It has taken a few months and some hand-wringing, but Human Genome Sciences (NASDAQ:HGSI) has agreed to a $3.6 billion offer from GlaxoSmithKline (NYSE:GSK) after a three-month
stand-off courtship. It’s yet another example of the deal-making pharmaceuticals are engaged in to keep their drug development pipelines flowing, but there are also a few other ways to view this agreement.
The fifth largest global pharmaceutical deal for the year to date. You have to go a few rungs down the list of biggest deals for the year before you get to GSK’s proposal for HGS, according to data provided by Dealogic. There’s Bristol-Myers Squibb’s (NYSE:BMY) $7 billion acquisition offer for Amylin Pharmaceutical with its three diabetes drugs approved by the U.S. Food and Drug Administration.And there’s Watson Pharmaceuticals’ (NYSE:WPI) $5.9 billion agreement to buy Actavis, followed by the pharmacy benefit consolidation through SXC Health Solutions’ acquisition of Catalyst Health Solutions. And medical device company Hologic’s $3.9 billion offer for molecular diagnostics business Gen-Probe.

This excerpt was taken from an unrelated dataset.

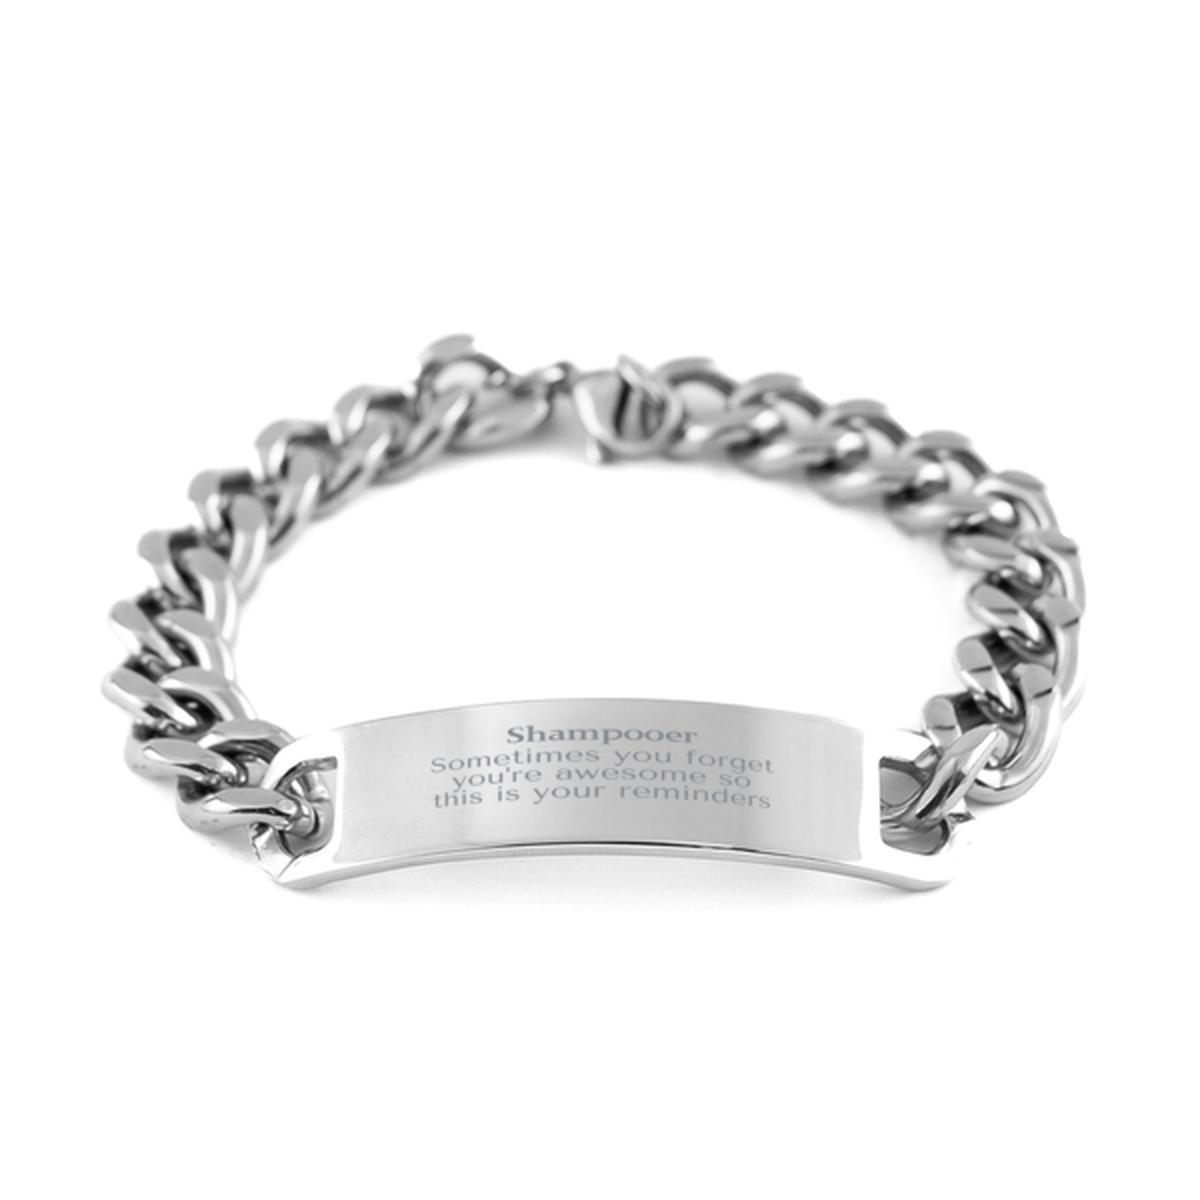 Sentimental Shampooer Cuban Chain Stainless Steel Bracelet, Shampooer Sometimes you forget you're awesome so this is your reminders, Graduation Christmas Birthday Gifts for Shampooer, Men, Women, Coworkers

A good fit. The two companies have been collaborating productively for nearly 20 years. As Human Genome Sciences CEO H. Thomas Watkins put it:
“After a thorough analysis of strategic alternatives, HGS has determined that a combination with GSK is the best course of action for our company and the best way to maximize value for our stockholders. HGS has had a long and productive working relationship with GSK, and together we will be uniquely positioned to achieve the full potential of Benlysta and other products in our pipeline for the benefit of those battling serious disease around the world.
According to biotechnolgy analysts at Baird’s equity desk, the focus of the deal now shifts to the lupus drug Benlysta, approved by the FDA last year, the first new treatment for the disease in 50 years that is part of the two companies long-running collaboration. They looked at positive developments and some of the risks involved:
“Most of HGSI’s near- and long-term growth depends on Benlysta’s rapid market penetration in lupus. Should Benlysta not live up to analyst expectations, sentiment on this name could meaningfully deteriorate.”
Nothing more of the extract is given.